The second thing I read was from one of the true masters of management consulting, Tom Peters. (If you don’t know Tom Peters then shame on you.) A piece he did called Acknowledgement! gives example after example of the importance of showing people that you know they are there and you appreciate their efforts. Here are some of the quotes he used:

  • The deepest principal in human nature is the craving to be appreciated.” —William James. Peters points out that this was a central theme in Dale Carnegie’s work How to Win Friends and Influence People where it was labeled the BIG secret of dealing with people.
  • The deepest urge in human nature is the desire to be important.” —John Dewey
  • Employees who don’t feel significant rarely make significant contributions.” —Mark Sanborn
  • Society is a vehicle for earthly heroism. Man transcends death by finding meaning for his life. It is the burning desire for the creature to count. What man really fears is not extinction, but extinction with insignificance.” —Ernest Becker, Denial of Death (My Emphasis.}

That last quote hit home for me.
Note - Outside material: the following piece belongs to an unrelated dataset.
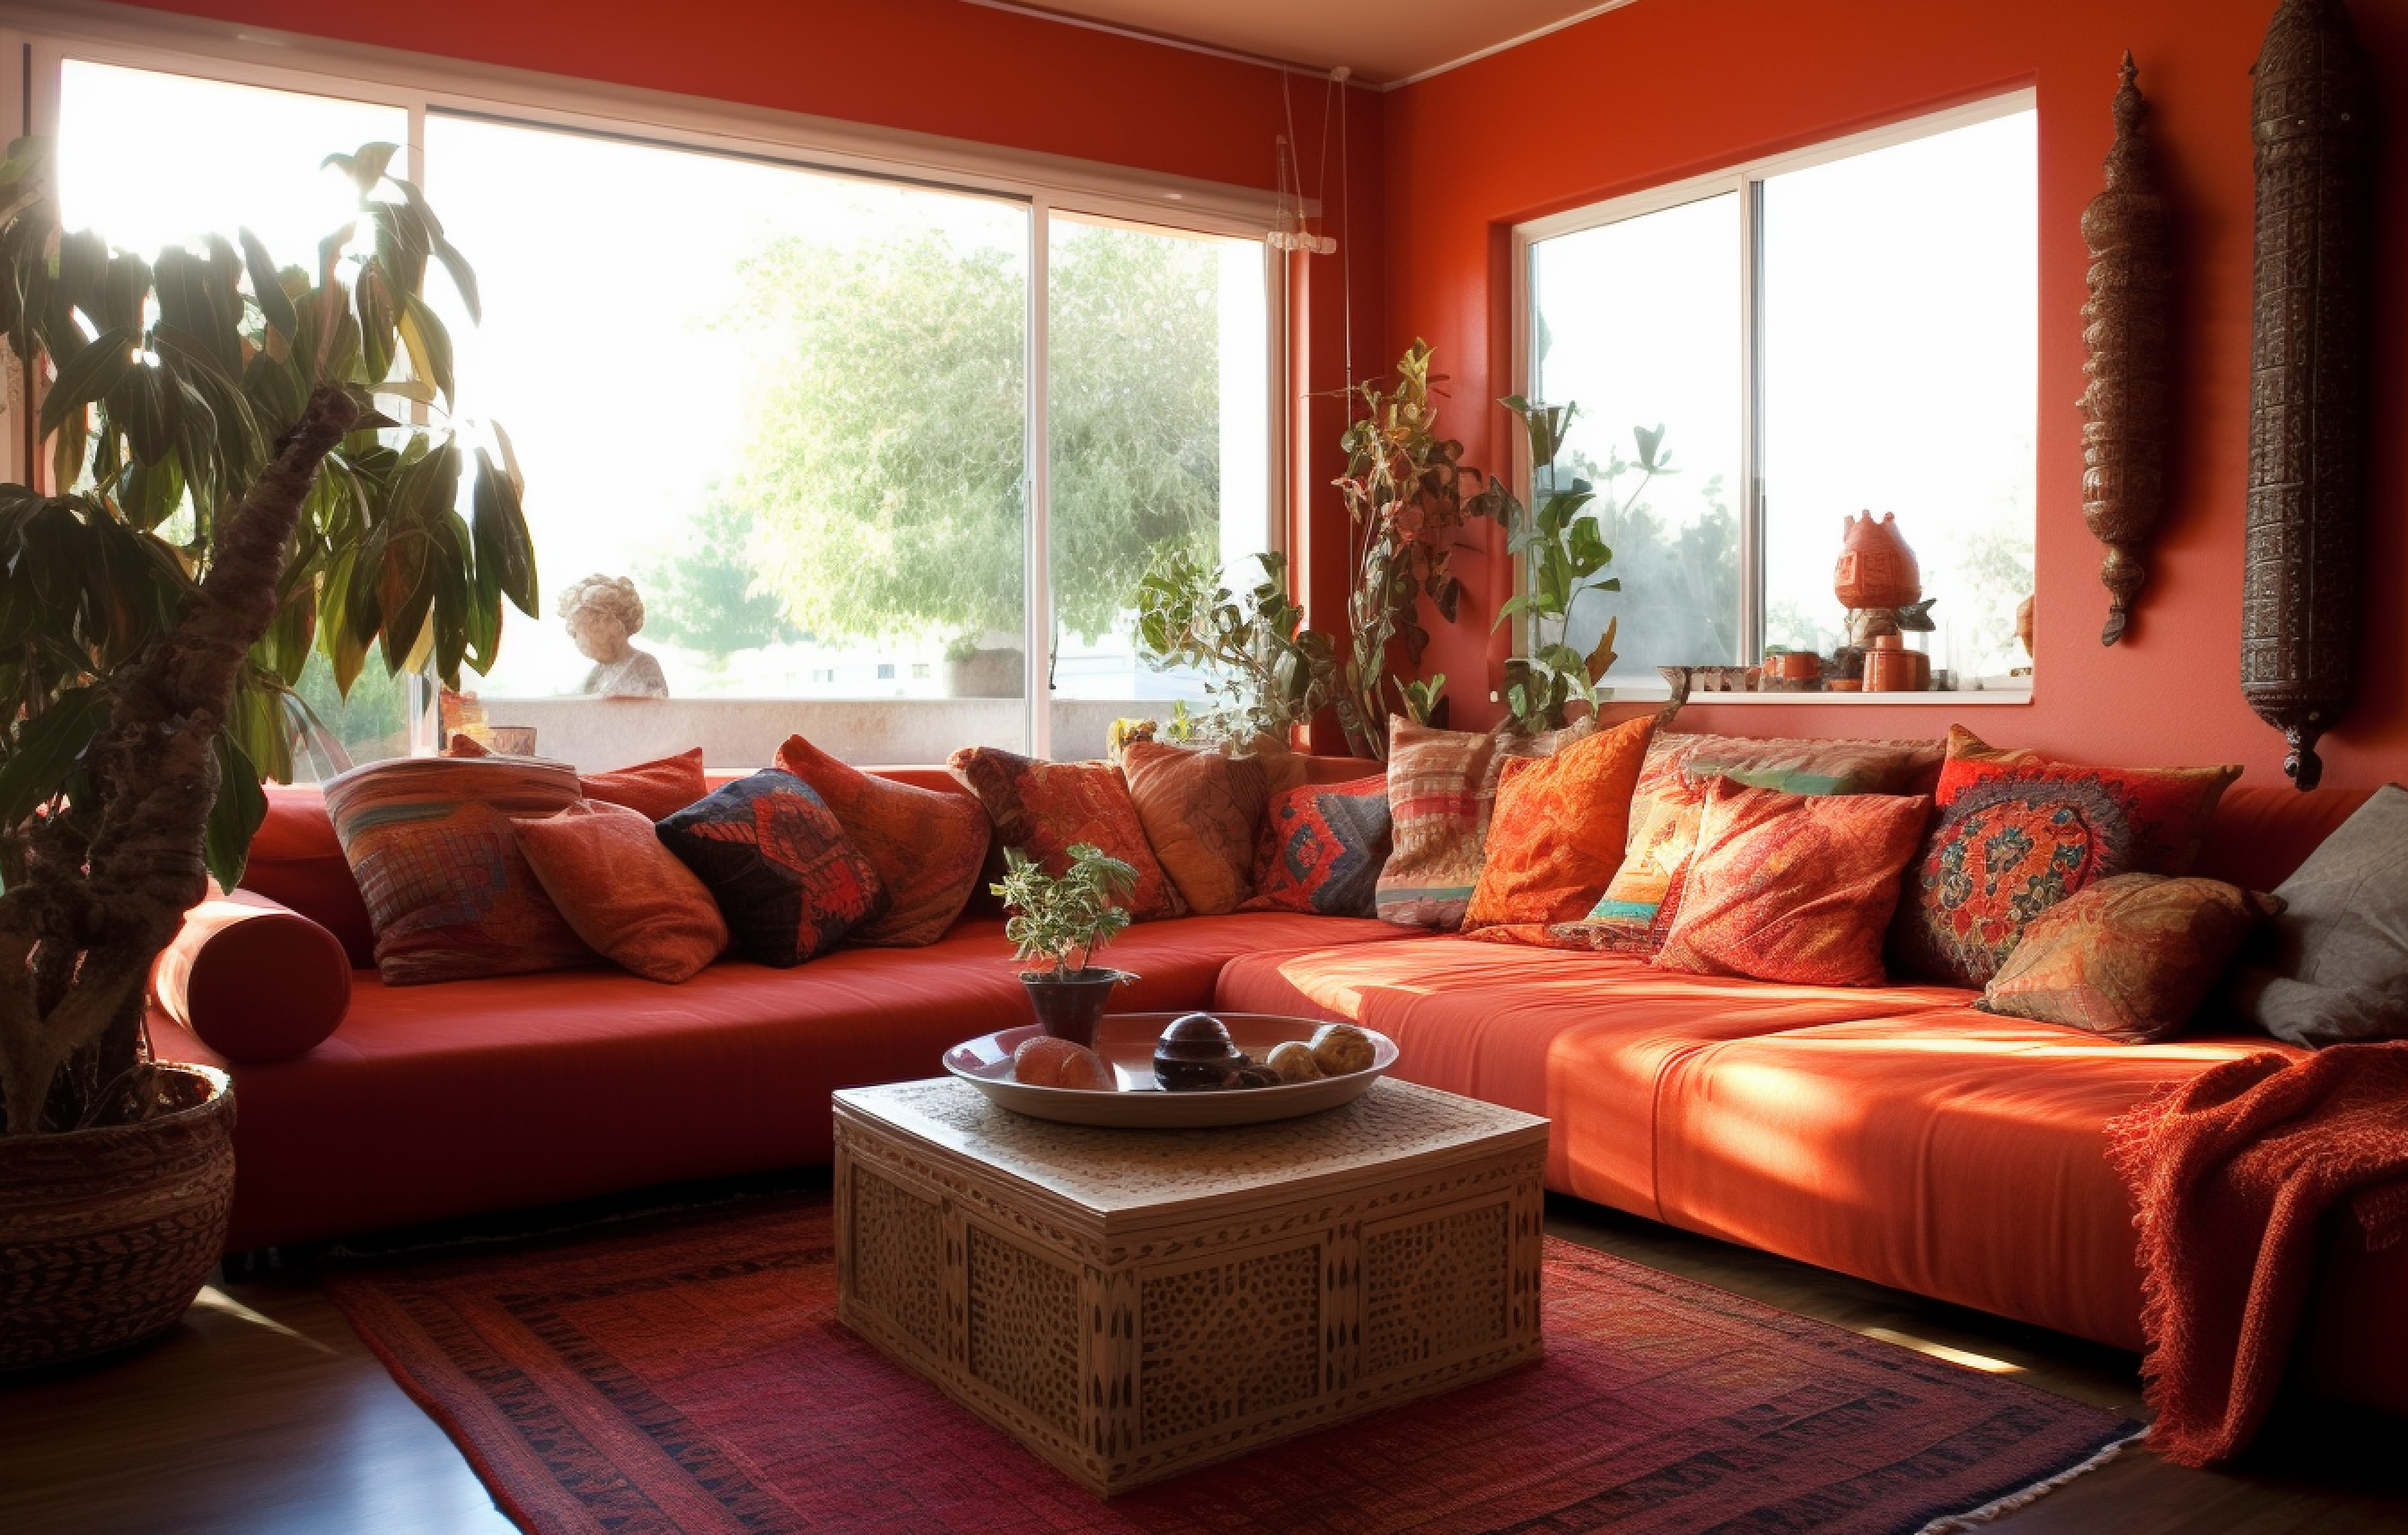 4. Red and Orange Color Scheme - Bohemian Lounge

That is a burning desire for me. I want to matter! I don’t want to go to my death having made no impact and to quickly be forgotten. I am sure many of you have the same feeling. That is one of the reasons I write. And I greatly appreciate it when someone says “I really liked your piece.” Or they say “You consistently put our great material. I learn something all the time from you.”
Engagement is a leadership act.”
Those words where written by Shawn Murphy. He completed that thought with “Not a management task.” He says, as does Tom Peters, that far too often management sees appreciation and acknowledgement as something that they “have to do” as opposed to something they “must do continually” to be effective leaders. This acknowledgement or appreciation doesn’t always have to be spoken. Peters tells the story of a question he asked a flight attendant once. He wanted to know if flyers ever said “thank you” as they left the plane. Her response surprised Peters. She said ““What registers with me is not the words, but whether or not they bother to make eye contact.” As Peters notes “…the perfunctory “Thank you” from the distracted passenger, rarely looking up, is surprisingly impersonal. The eye contact, on the other hand, is an act of intimate human engagement—sincere acknowledgement of the particular flight attendant’s attentiveness and courtesy.” Remember that the next time you exit a plane.
A lesson for leaders
I will end this post with a lesson for leaders. You need to pay attention to those around you and acknowledge their existence. This lesson can be best illustrated by an example from the biography of General and President U.S. Grant. Taken from a Confederate soldier’s diary was the story of Union officers passing by a group of Southern prisoners. The passed by without even looking at the group. Then came General Grant. “‘When General Grant reached the line of ragged, filthy, bloody, despairing prisoners strung out on each side of the bridge, he lifted his hat and held it over his head until he passed the last man of that living funeral cortege. He was the only officer in that whole train who recognized us as being on the face of the earth.’” From the biography Grant by Jean Edward Smith.
So as we enter into this holiday season, remember one of the best gifts you can give to your families, friends, co-workers and employees is a kind word and a nod of acknowledgement and then keep doing it all year round.